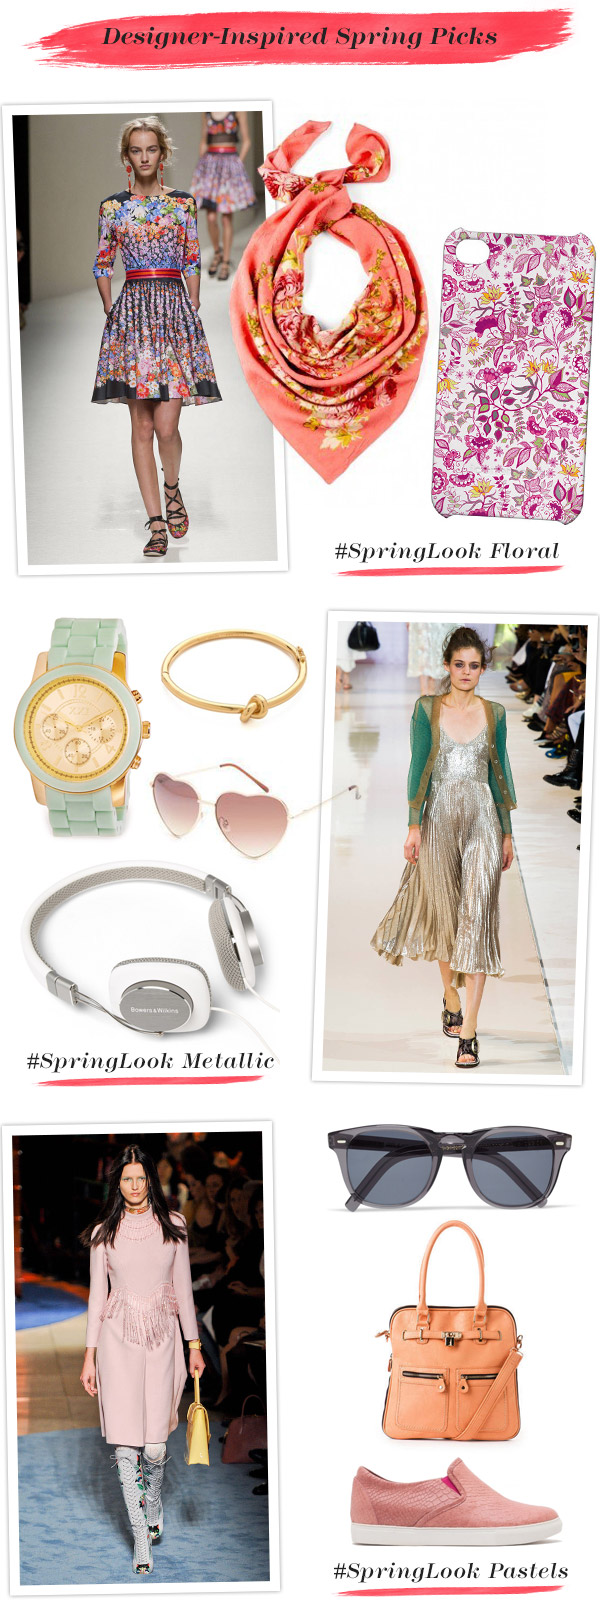 springfashion-trends
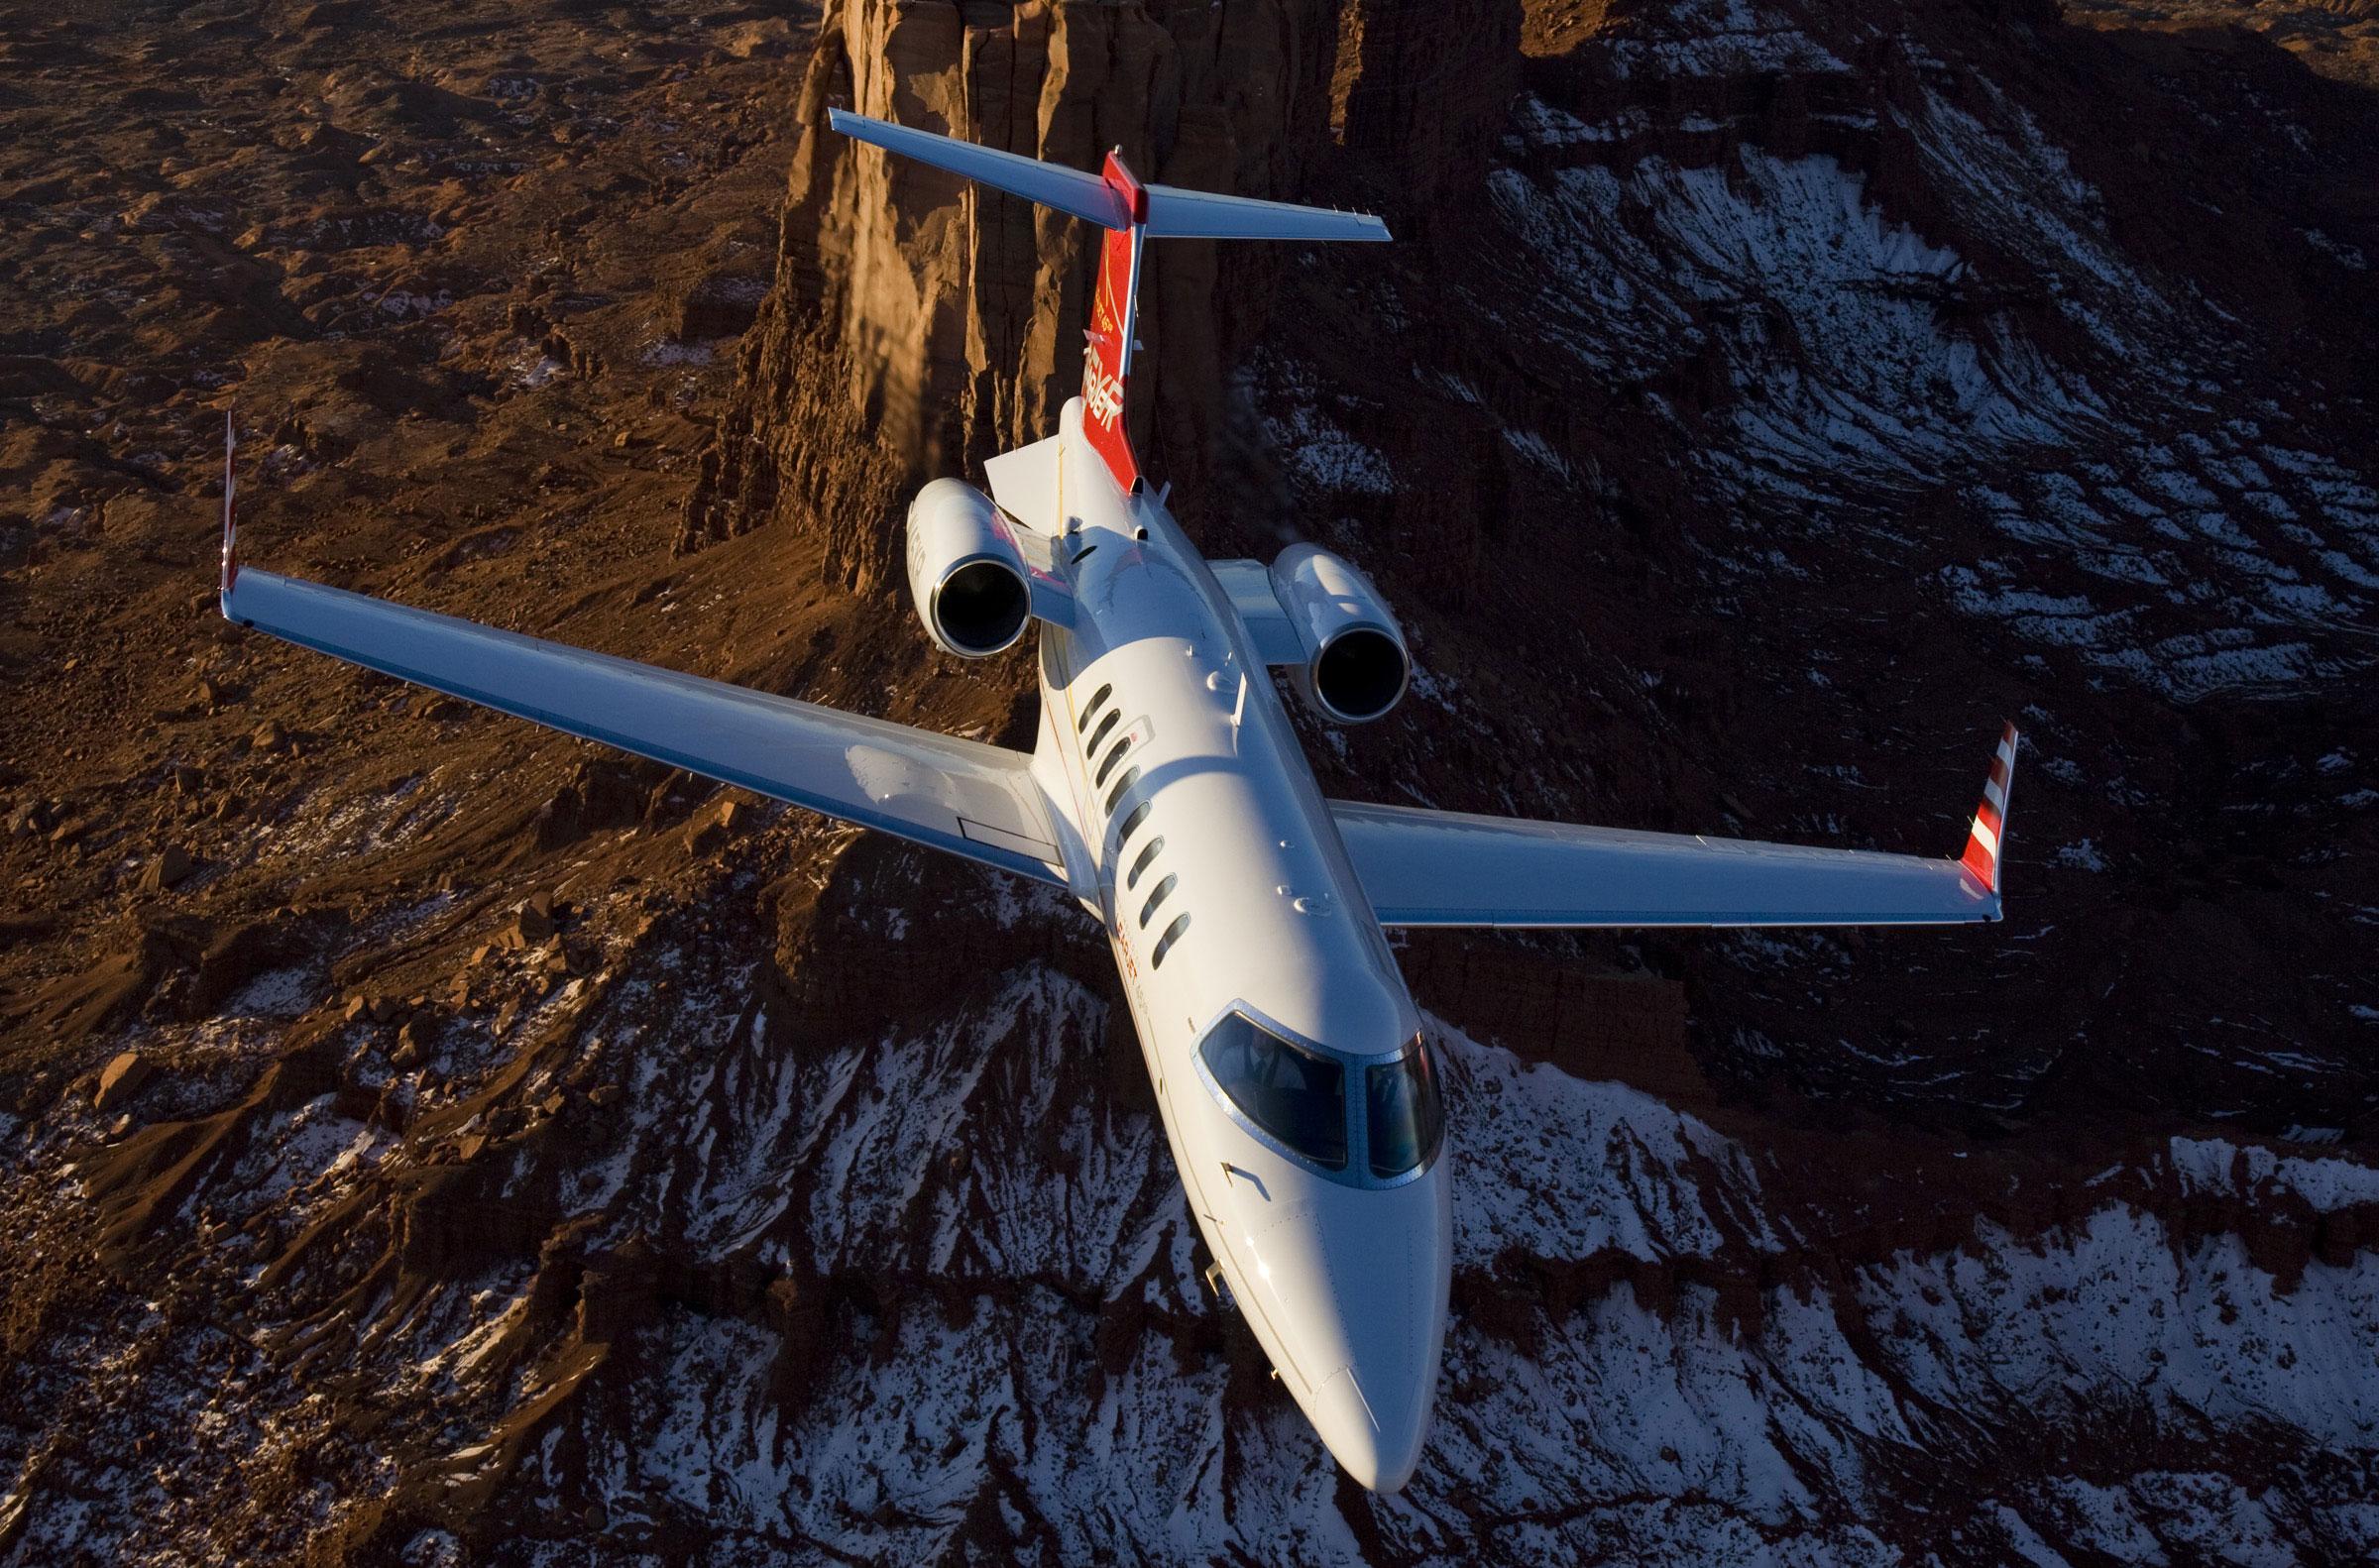 Bombardier-learjet-45-hire-private-plane
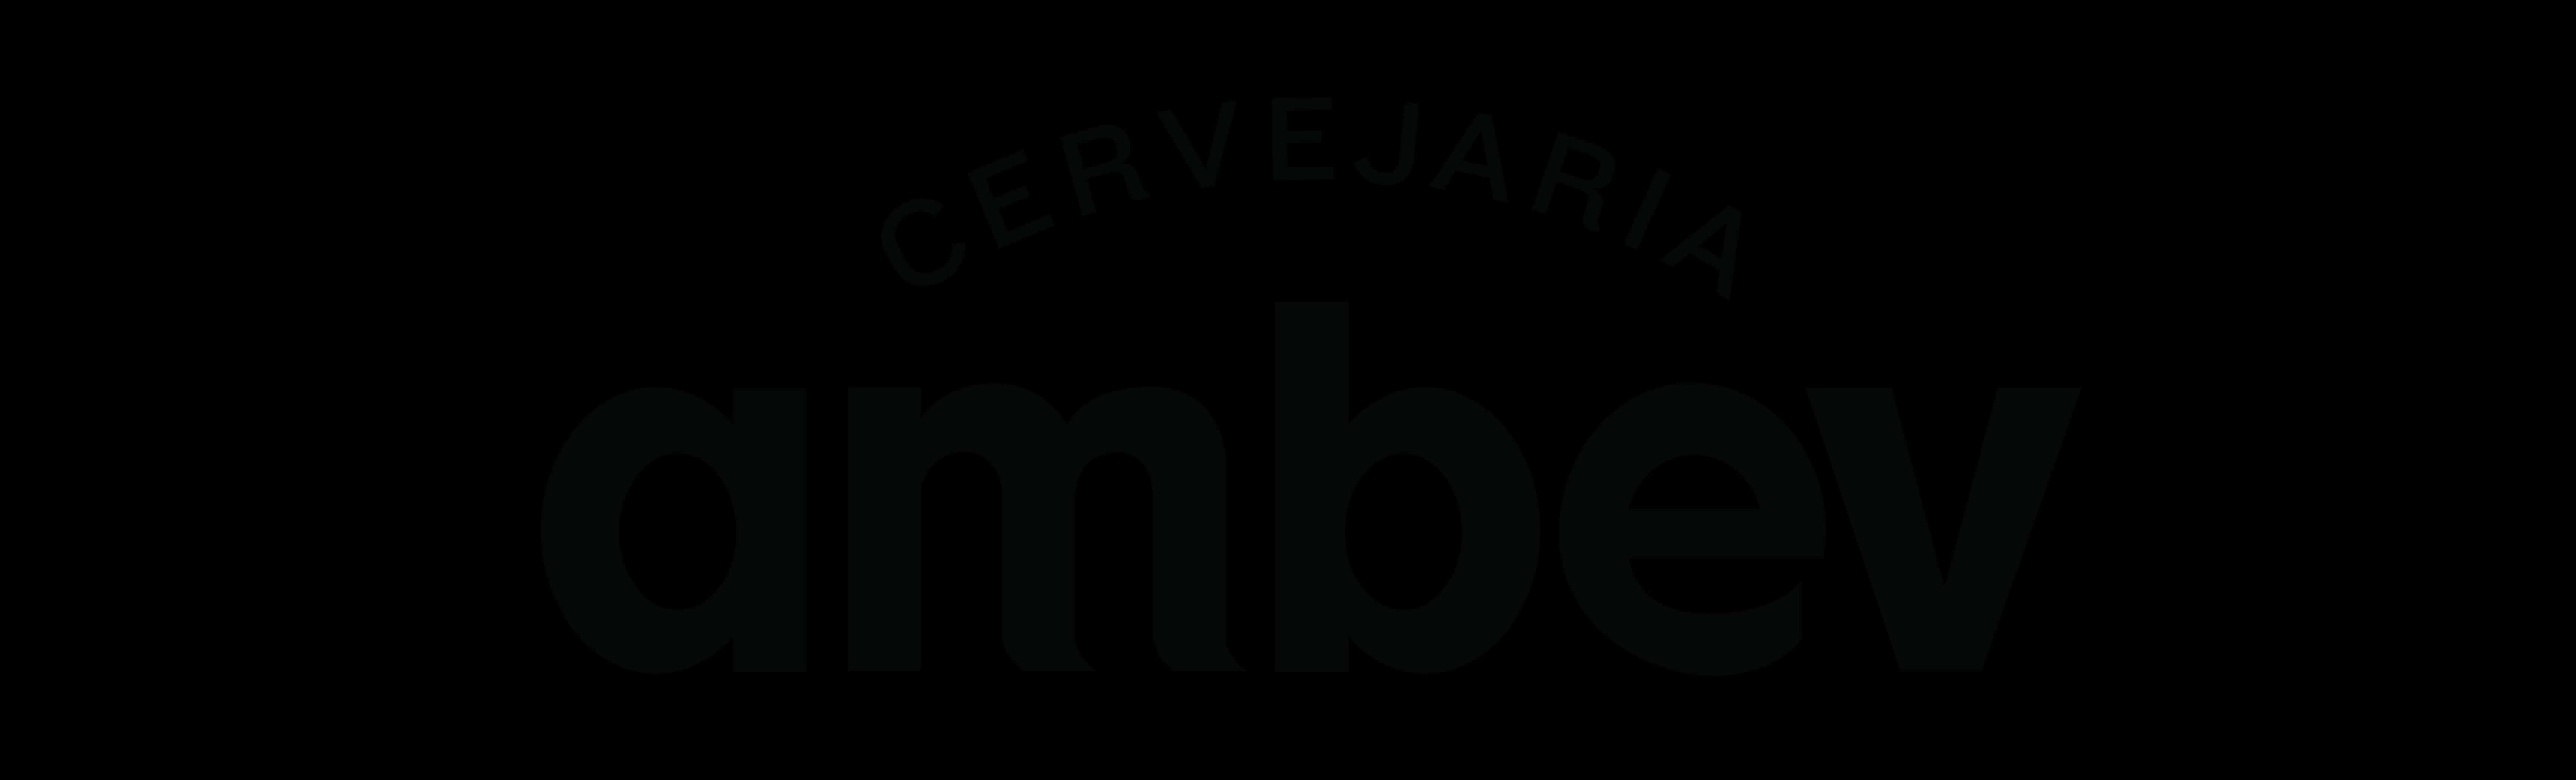 BANCO_Logística - Conferente (CDD CAMBORIU)

----------------

- **YOUR OBJECTIVE**
Everything in the listing except the pictures must be reproduced exactly.

- **OUTPUT FOR THIS TASK**
 springfashion-trends
 Bombardier-learjet-45-hire-private-plane
 BANCO_Logística - Conferente (CDD CAMBORIU)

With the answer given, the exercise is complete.